=== Instructions to follow ===
This exercise calls for retyping every line below exactly, with the images omitted.

=== The data ===
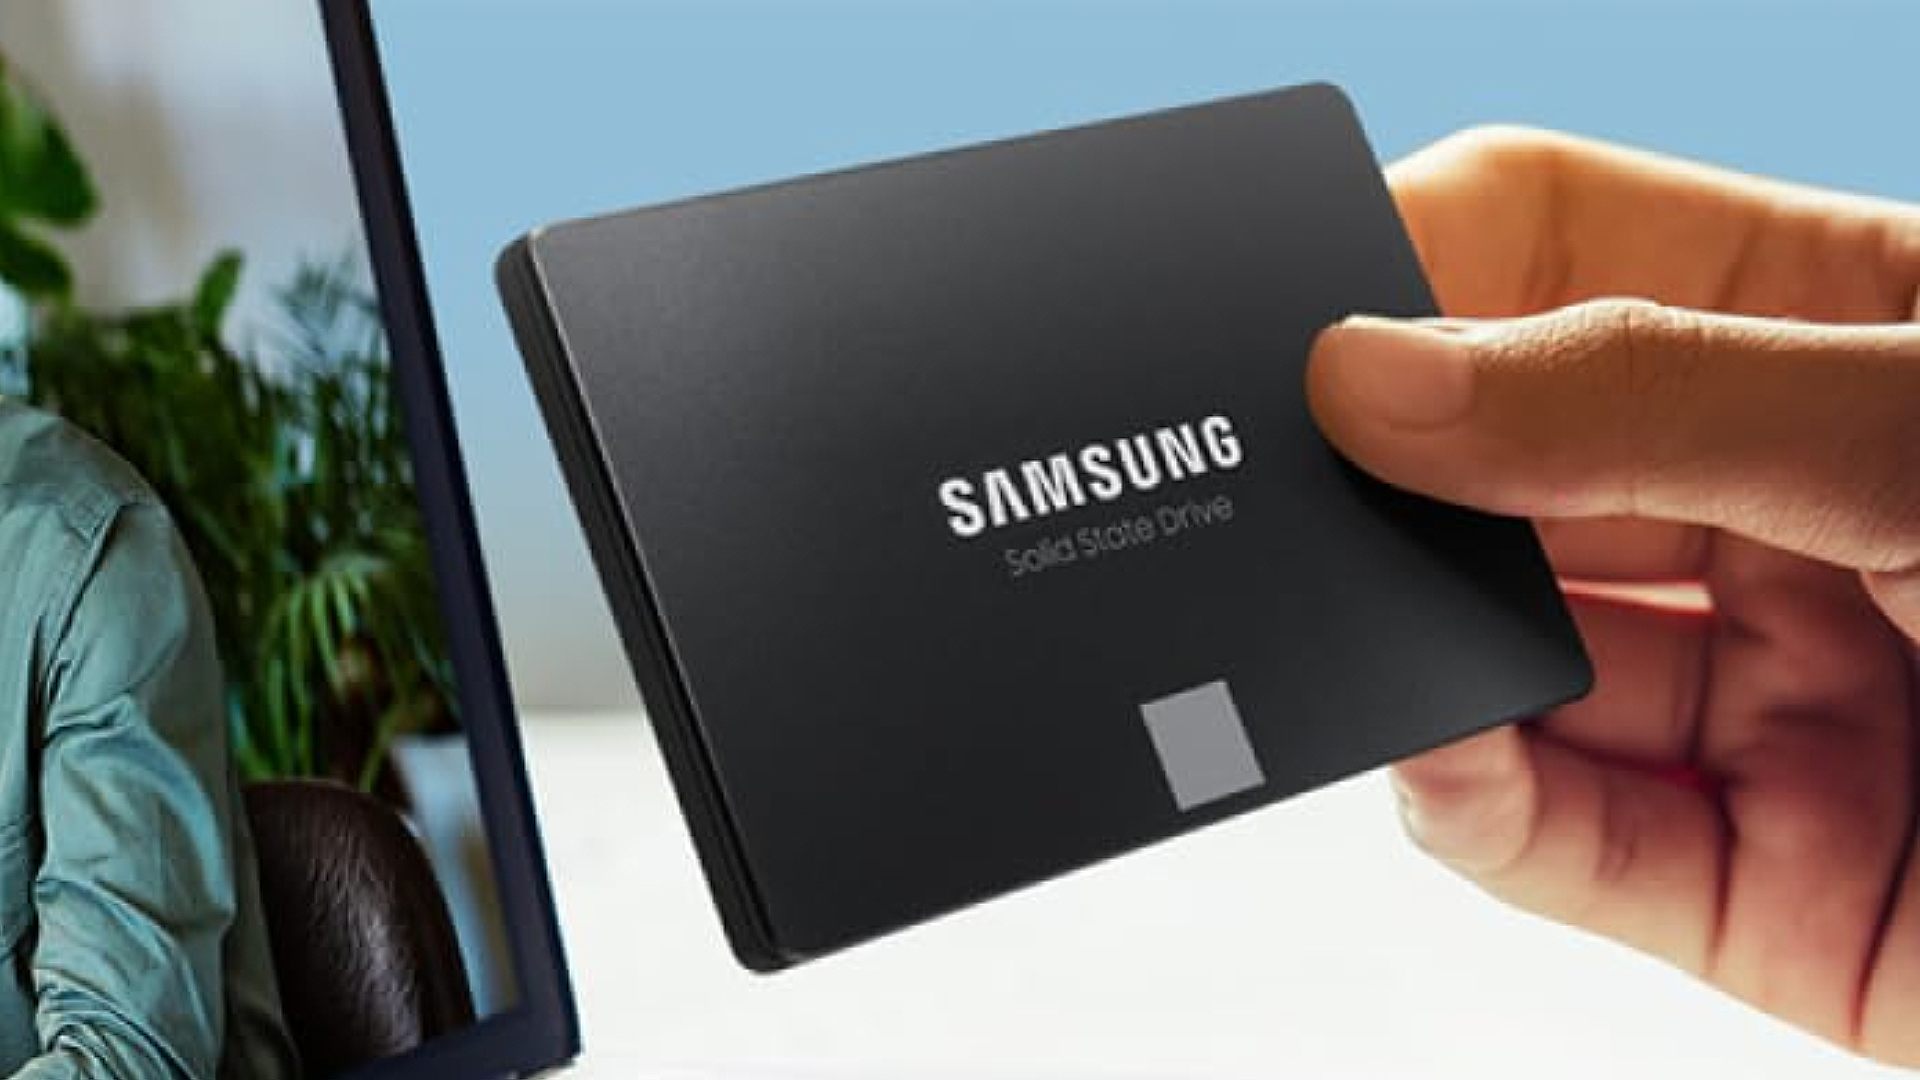 Snag this Samsung SSD for less and ditch your old hard drive
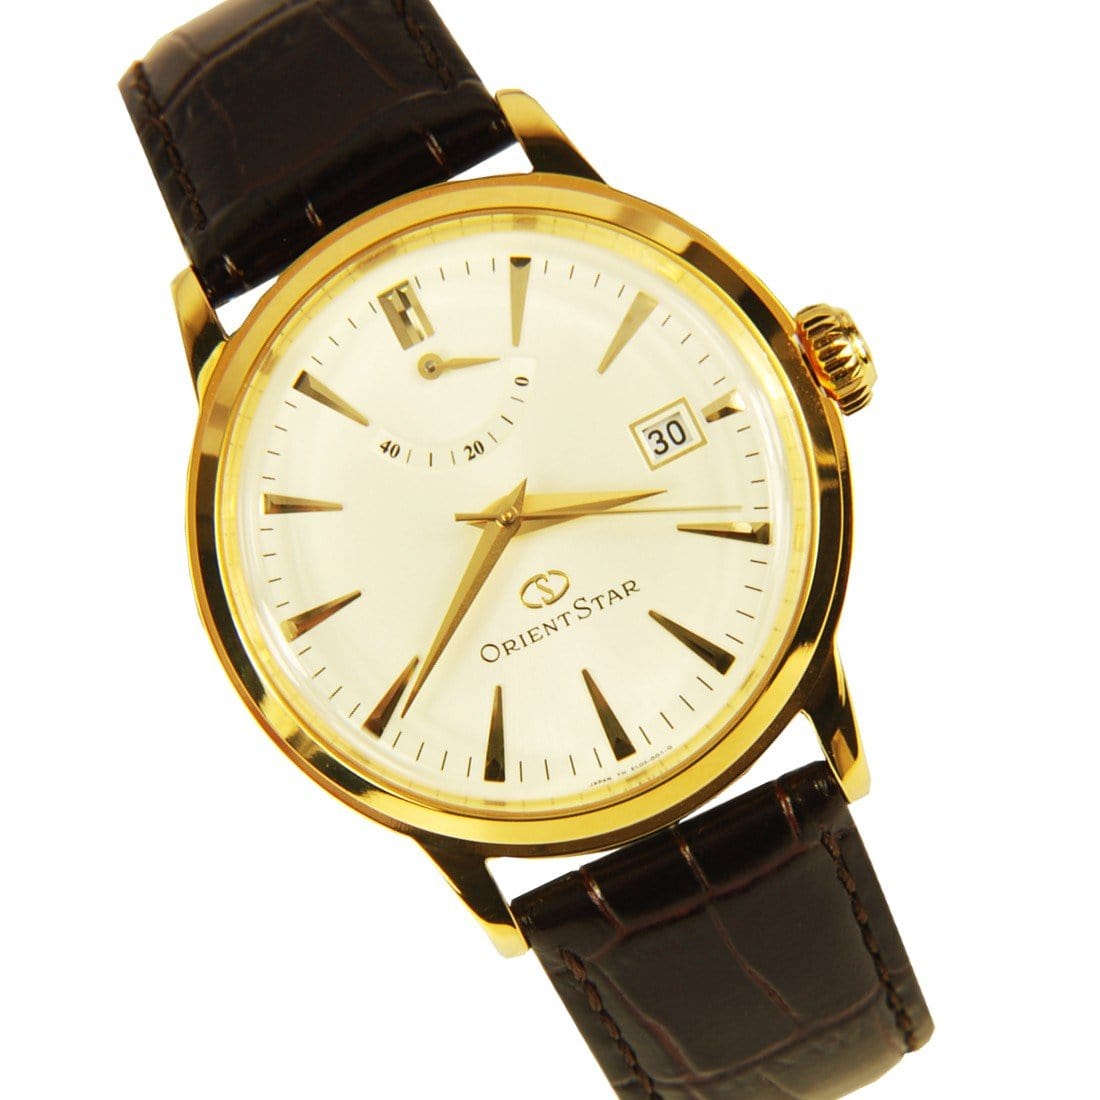 Orient Star Automatic Male Watch EL05001S SEL05001S0
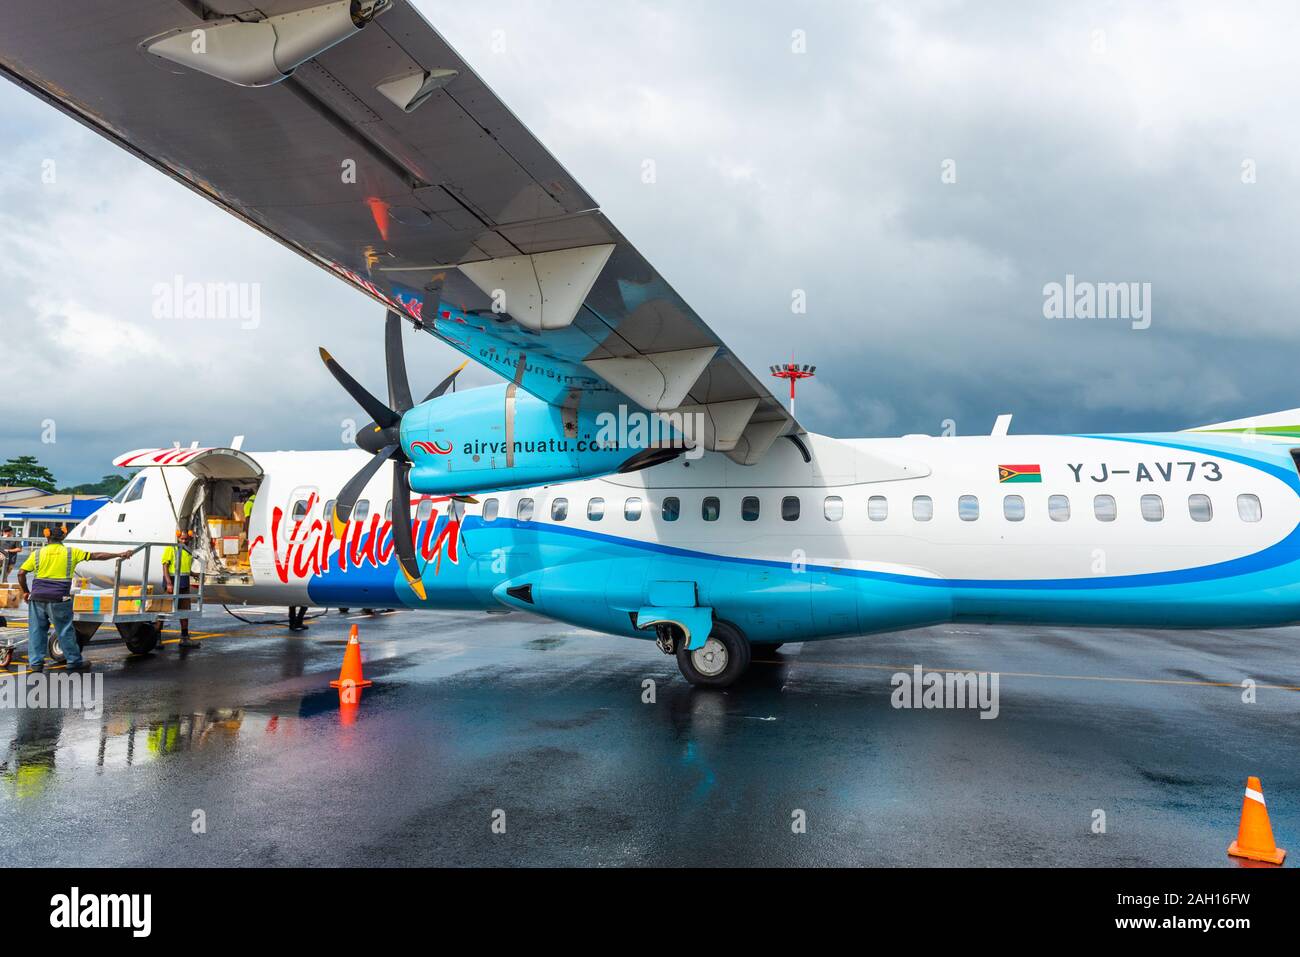 PORTVILA, VANUATU - JULY 19, 2019: Plane at the airport on a background of cloudy sky Stock Photo

=== Response area ===
 Snag this Samsung SSD for less and ditch your old hard drive
 Orient Star Automatic Male Watch EL05001S SEL05001S0
 PORTVILA, VANUATU - JULY 19, 2019: Plane at the airport on a background of cloudy sky Stock Photo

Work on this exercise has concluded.